Trust and Knowledge Use in Online

    Collaboration Tools


    Fon Sundaravej

    College of Business Administration, University of Missouri St. Louis

    8001 Natural Bridge Road, St. Louis, MO 63121

    Phone: 314-516-7322


    Jessie Cheng

    College of Business Administration, University of Missouri St. Louis

    8001 Natural Bridge Road, St. Louis, MO 63121

    Phone: 314-516-6626



    Wiki and blog have been used in some organizations as collaboration tools. The reliability and accuracy of the posted messages on these tools are majors concerns. This study investigates the factors affecting trust on the posted messages and the influence of trust on knowledge use. While future research is needed, results from this study should indicate how to implement an online collaboration tool for greatest trust and knowledge use in an organization.

1. Introduction

    The number of online collaboration tools is rapidly growing these days and companies are increasingly adopting these tools as platforms where data, information, and knowledge in a particular topic can be shared among employees (Gordon, 2006). Widely recognized examples of the online collaboration tools being used in organizations nowadays are wiki and blog. Wiki and blog are relatively new forms of organizational online tools, compared to e-mail and instant messaging. The organization that currently uses these online collaboration tools is perceived as an early adopter.

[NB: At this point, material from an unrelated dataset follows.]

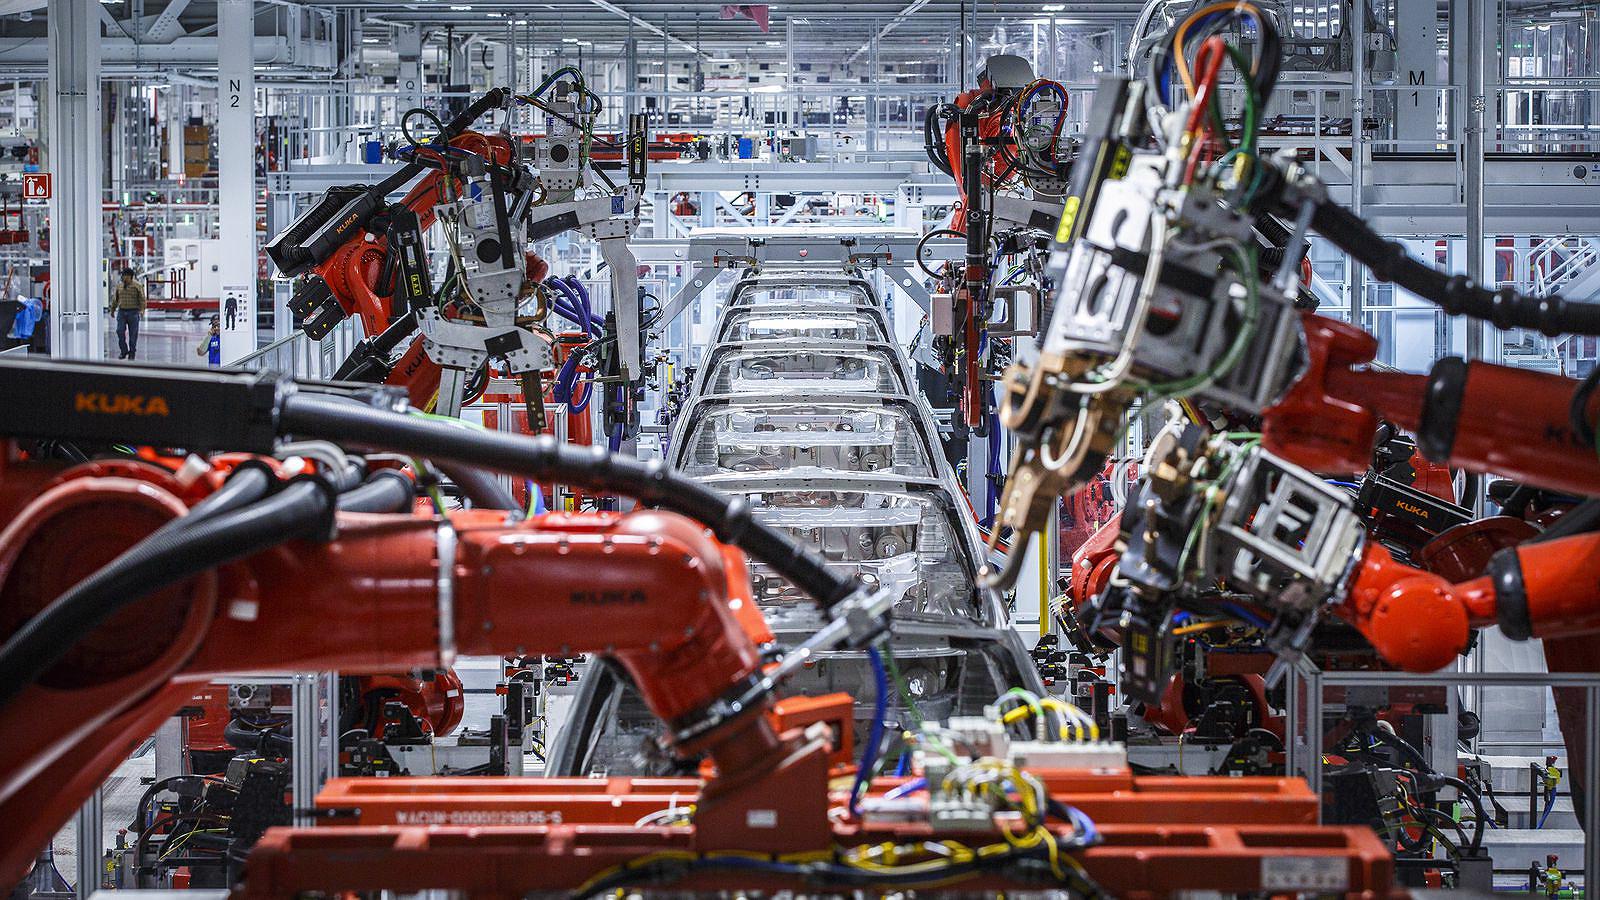 Deutsche Bank posts bullish TSLA outlook after meeting with Tesla executive

    The online collaboration tools come with pros and cons. These tools are used to promote internal collaboration and enhance knowledge management in organizations. However, the quality of messages shared on an online collaboration tool is claimed to be average because some visitors may contribute useful information, while others may post irrelevant responses (Wen and Wen, 2006). The accuracy of posted message also becomes a critical concern (Cherry,


    2003; Denning et al., 2005). The poster may post their subjective opinions on the online collaboration tools. Still, with this controversy and skepticism concerning the quality of the posted message, a growing number of wikis and blogs has emerged.

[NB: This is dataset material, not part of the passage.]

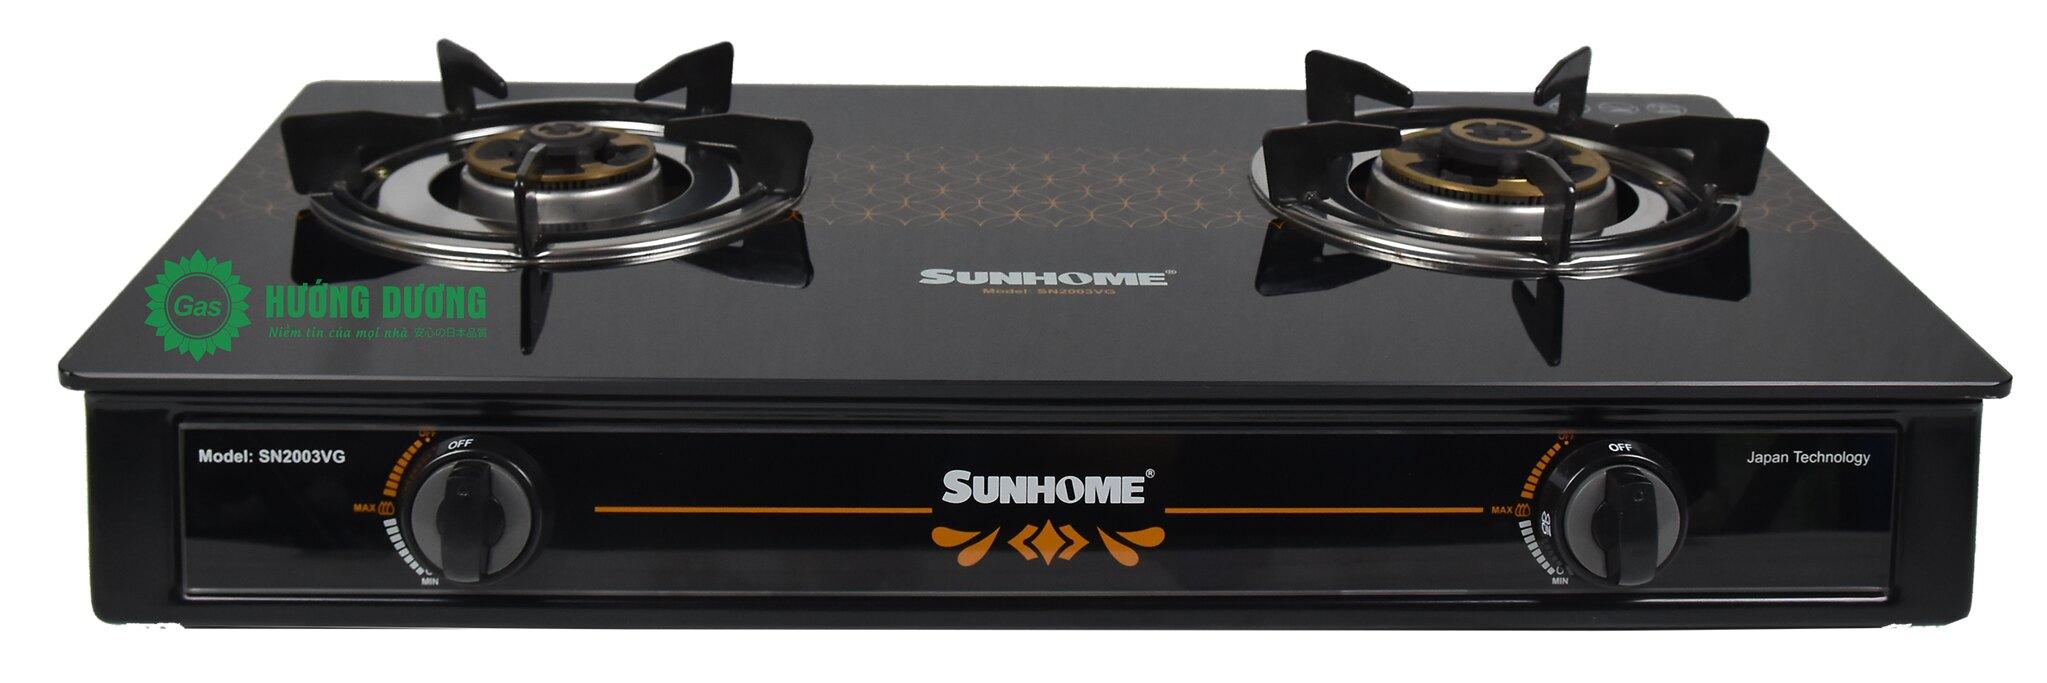 Sunhome SN 2003VG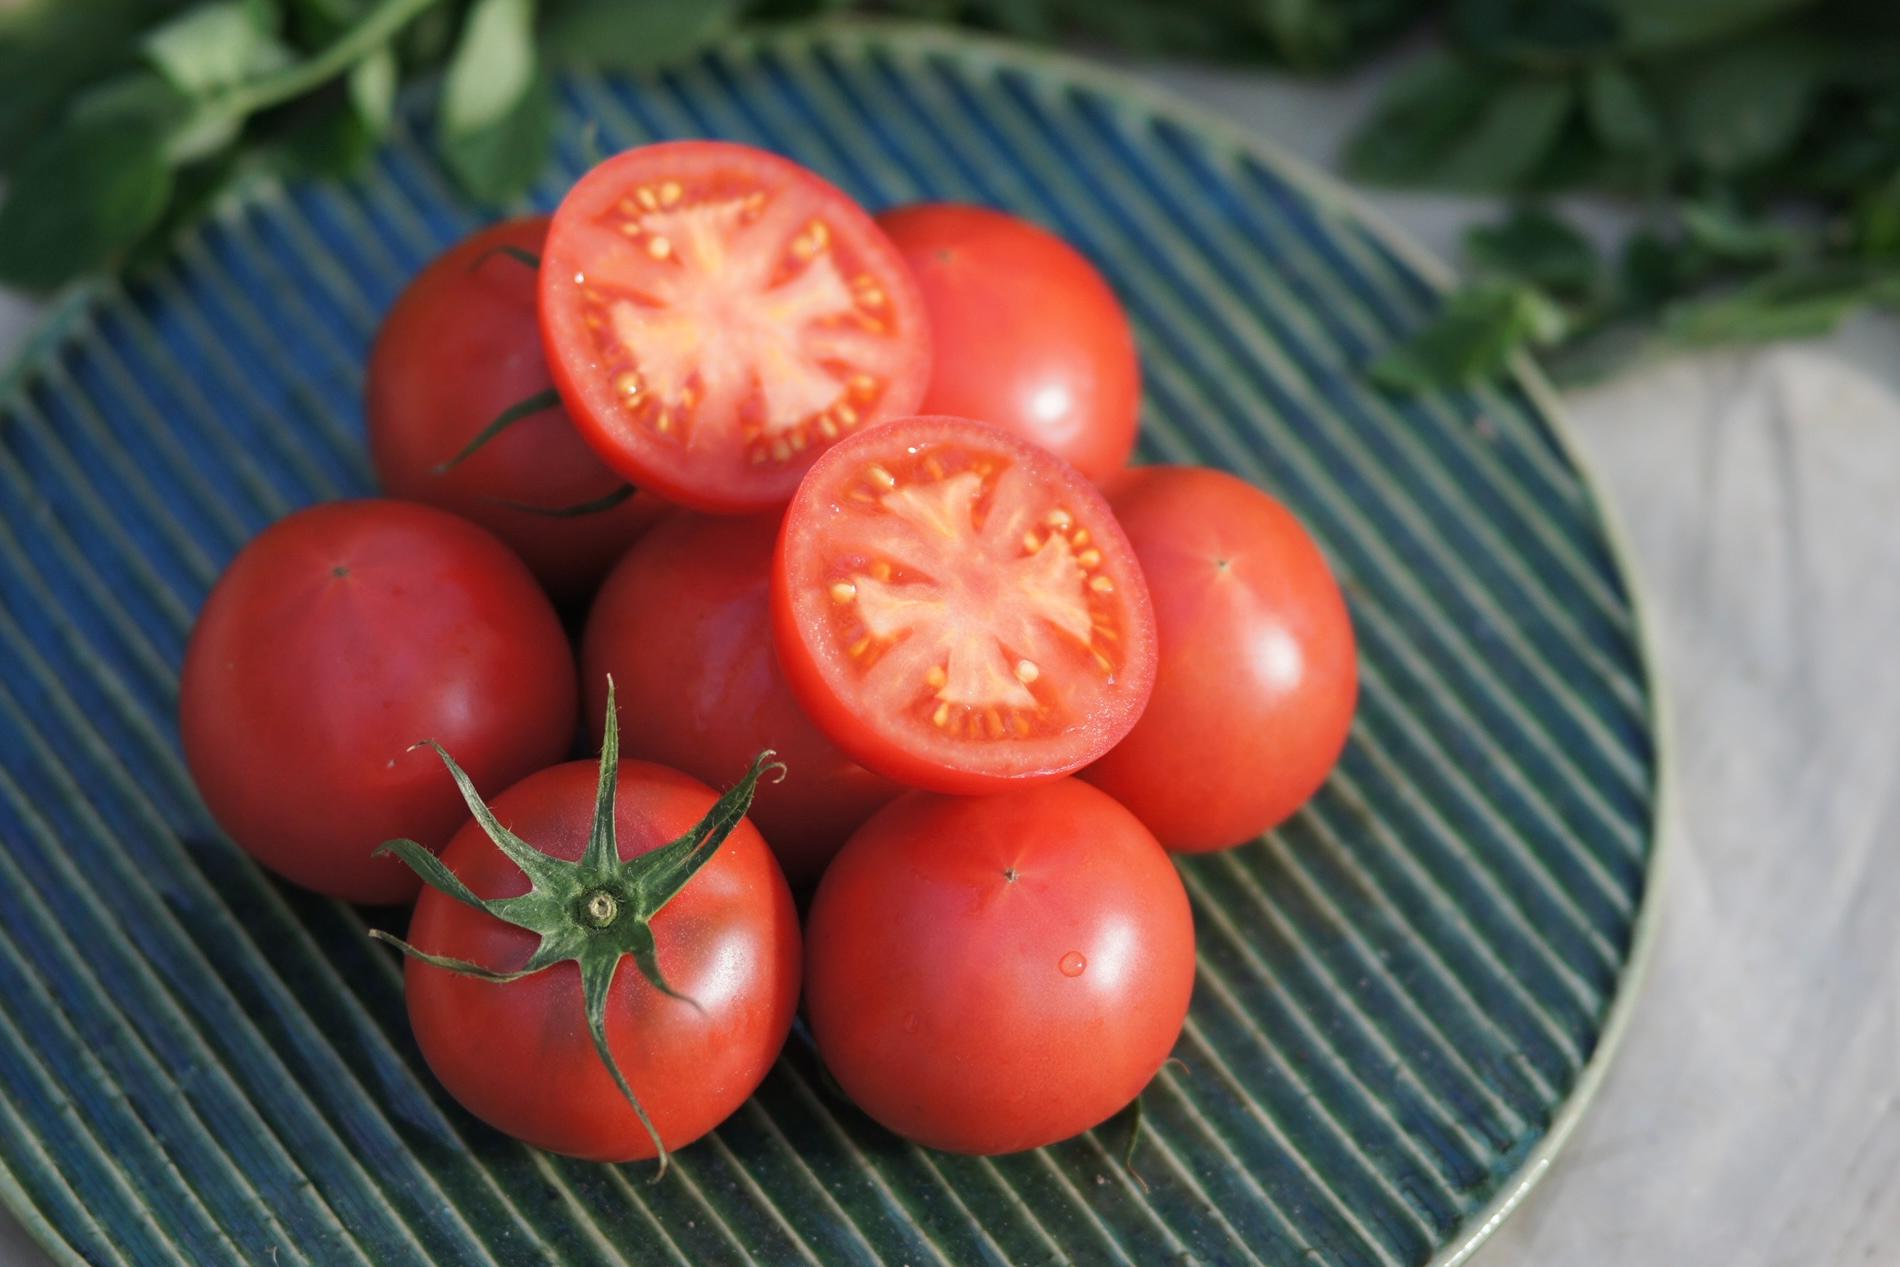 カットしたフルーツトマトの画像

    The quality and accuracy of exchanged information have been proved to have a significant effect on user understanding and perceived effectiveness of communication (Daft and Lengel, 1986). Pertaining to a Website, the content on a site is a major parameter influencing users’ attitudes toward the particular site

    (Mithas et al., 2007). As a result, in the current view, it is extremely interesting to investigate what makes people trust the posted message on an online collaboration tool used in an organization. Studying the factors affecting trust on such posted message informs managerial decision makers on prioritizing improvements in the online collaboration tool redesign to reach the maximum effective usage. Furthermore, we expand our research to expose a benefit of applying an online collaboration tool into an organizational environment. It is worth to observe how trust on the posted message on an online collaboration tool affects the knowledge use in the organization. Studying the association between trust and knowledge use in an organization helps potential adopters on an online collaboration tool make a better decision on the tool adoption so as to increase collaboration among employees.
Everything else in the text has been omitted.